Lithograph, c. 1910.

I’ve covered a number of historical examples before, so this time let’s take the legendary women of Weinsberg. When their town’s conqueror announced the men would all be executed but the women could leave with whatever valuables they could carry on their own backs, the women marched out carrying their husbands. How many of those husbands, d’ya think, were up there piggyback thinking, “Geez, I wish my wife was more demurely feminine”? Or do you think he might have at that moment valued her extremely feminine protectiveness, strength, and even stubborn defiance of authority?

I did a quick Google search for feminine traits and got “gentleness, empathy, sensitivity, caring, sweetness, compassion, tolerance, nurturance, deference, and succorance.” Cool. I did a search for masculine traits and got “strength, protectiveness, assertiveness, passion, confidence.” Which is weird, because with the exception of the scary assertiveness, those are traits we honor every Mother’s Day.

So while driving one afternoon I thought I’d ask Mage Elysia Parma from Shard & Shield how she felt about protectiveness and passion being unfeminine traits, and this little vignette happened.

I glanced toward Cliff, waiting on my left. “You’re going to be the one to tell her.”

Cliff nodded impatiently.

I raised my hand and knocked at the door with worn silver paint. From inside, a woman’s voice called, “Come in.”

She was sitting at a worktable, leaning over an open book full of charts. As we entered, she placed a finger to mark her spot and looked up. “Ah, Mr. Pellegrini. Welcome. What can I do for you?”

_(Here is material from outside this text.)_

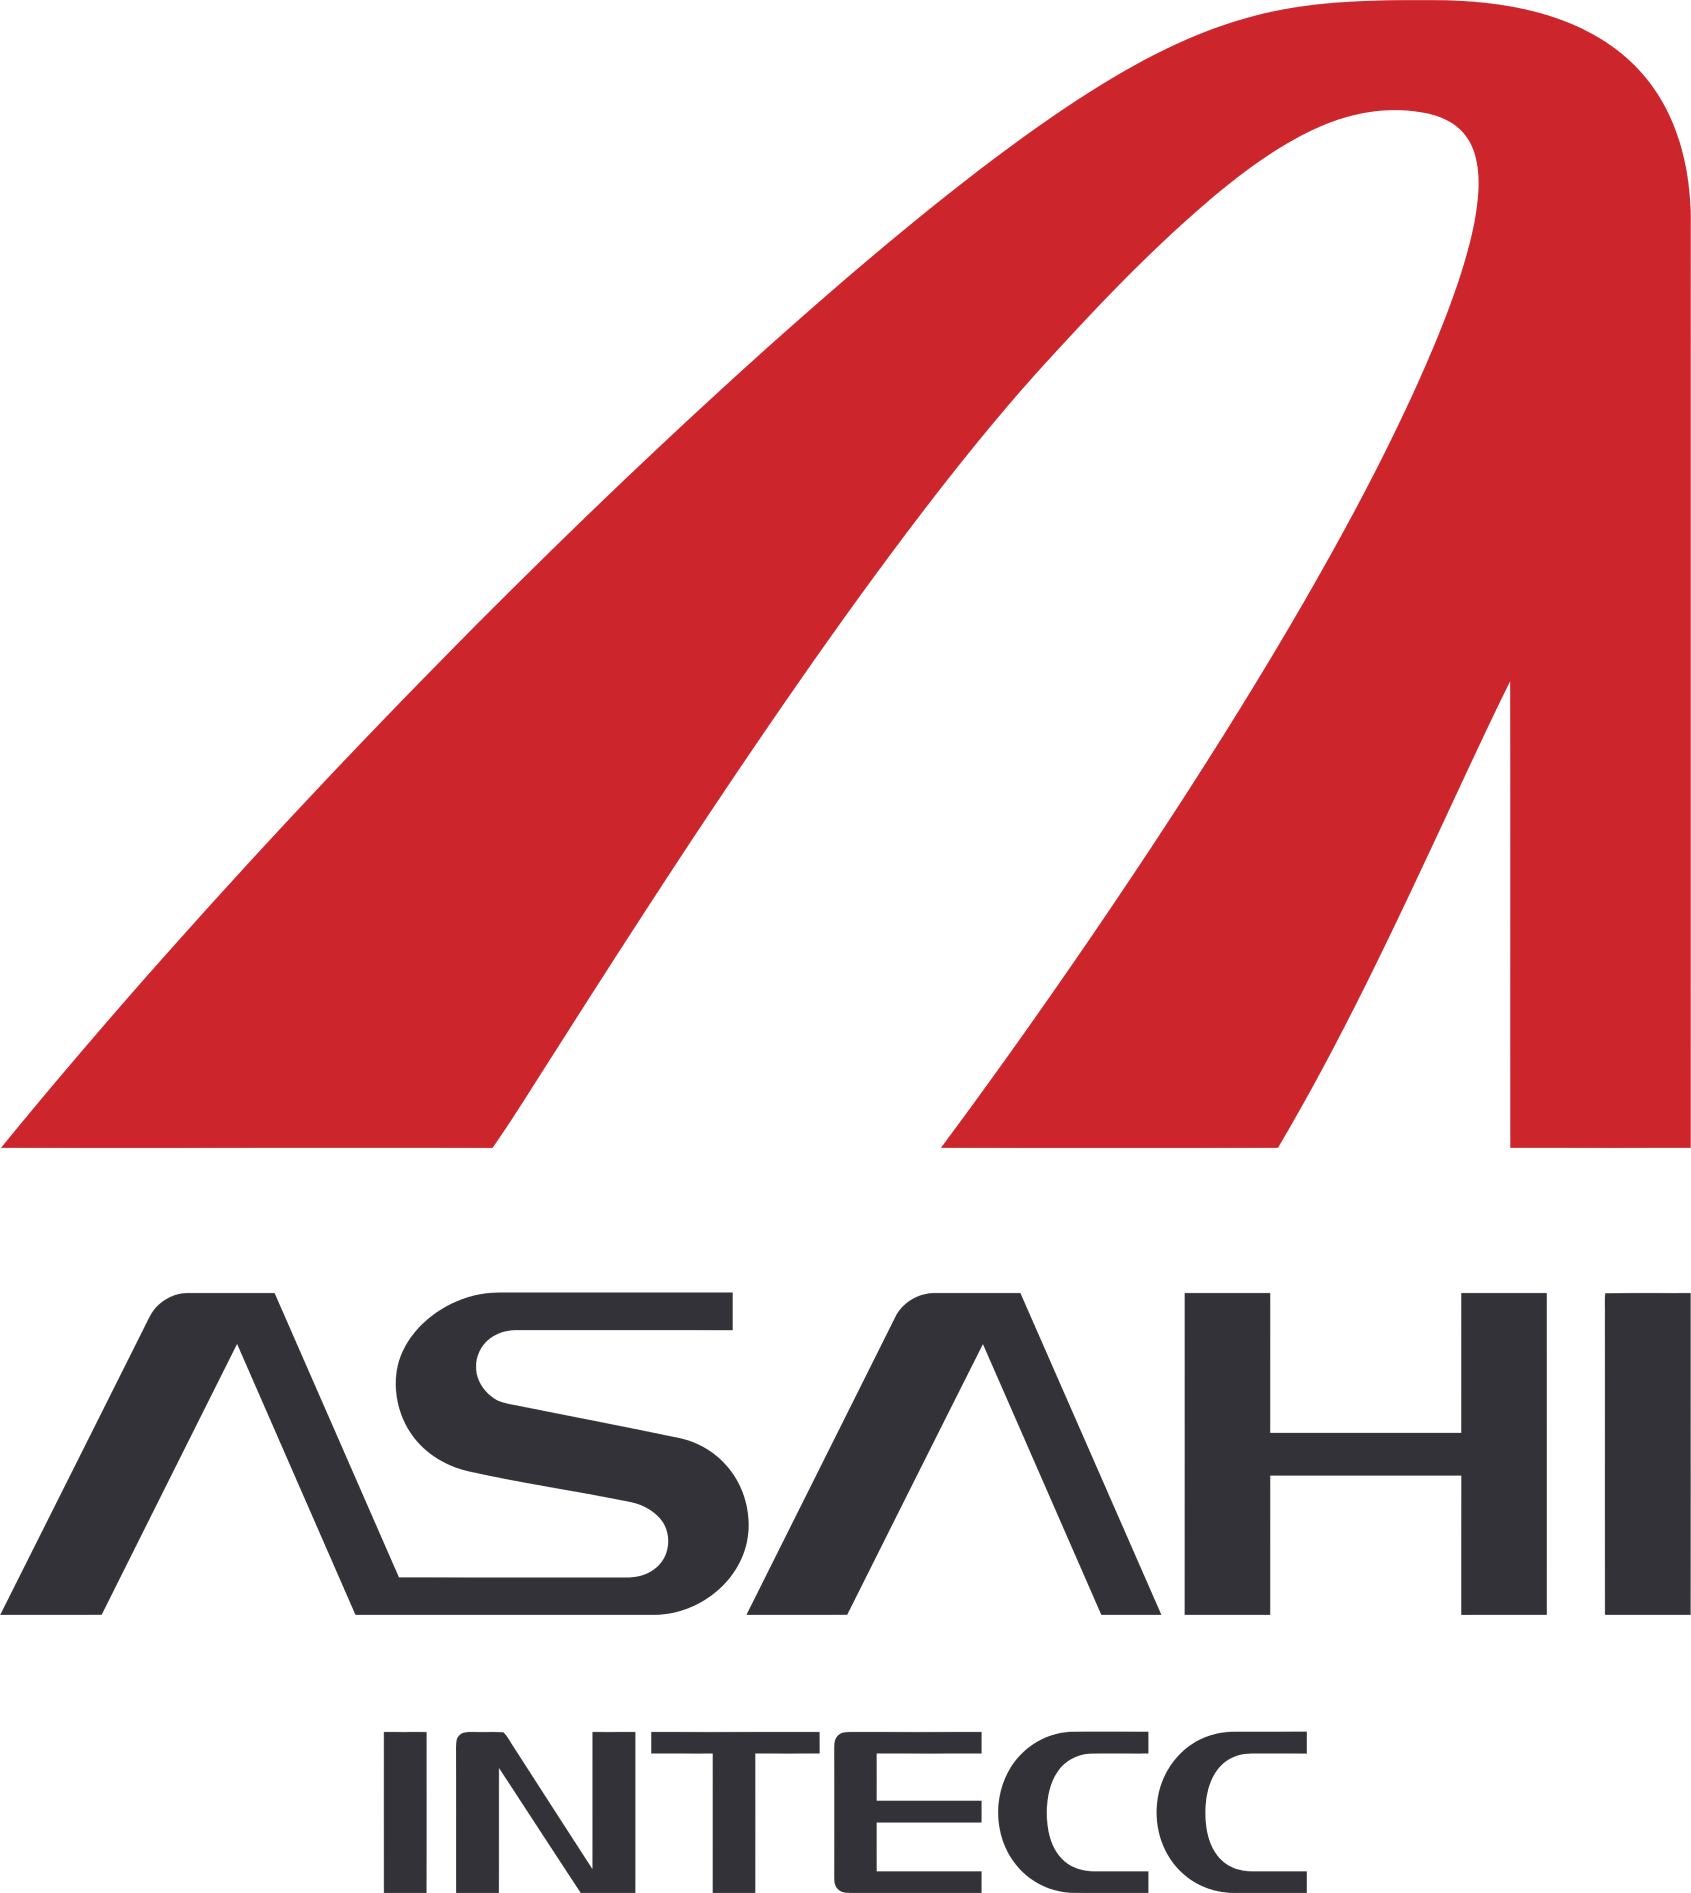 Asahi Intecc logo large (transparent PNG)

I gestured to the man beside me. “This is Cliff McBrickjaw. He’s from the Industry. And this is Elysia Parma, the Silver Mage.”

She turned to him. “Mr. McBrickjaw, welcome.”

McBrickjaw nodded. “I told Mr. Pellegrini I’d like to see you myself. Good to meet you, Elysia.”

She smiled. “Please, you may call me Mage Parma.”

McBrickjaw needed a second to realize he’d been slighted, and still he probably didn’t know why. I bit back a sigh; this was only going to get worse.

Elysia turned back to me expectantly, and I nodded toward him again. “He has some news for you.”

Elysia reached for a bookmark. “Unfortunate news, it seems.”

“I’m sorry to say it is, from your perspective,” McBrickjaw confirmed. “We’re cutting your role in this story.”

Elysia turned back, even her practiced face betraying the edge of indignant surprise. “What?”

“We’ve been seeing a lot of complaints lately about Strong Female Characters, TM. You know what I mean.”

Elysia relaxed and nodded. “Ah, yes. The mewling babes who occasionally punch someone but still cannot make a decent decision on their own or act on their own agency. Yes, I understand the problem. But I’m not sure what that has to do with me. I’ve certainly never punched someone. I don’t think I’ve even raised my voice thus far in the story.”

McBrickjaw shook his head as he took the empty chair at her table. “I’m sorry, Elysia, but it is about you. The Industry is concerned about your role in the story being too… strong.”

Elysia’s eyes widened in skepticism. “You do realize that I am a secondary character at best? That I barely speak in the first book?”

“Yes, well, that’s the problem. You don’t have that many lines, and the ones you do have are… assertive. You give orders, to a man.”

Amused incredulity. “That is literally my job as second rank of the Circle. I give orders to women too, and if it makes you feel any better, my superior mage is a man.”

“Let me assure you, it’s not about how I feel,” Cliff McBrickjaw said. “It’s just that I feel the story would be more… balanced if there weren’t so much obvious feminism included.”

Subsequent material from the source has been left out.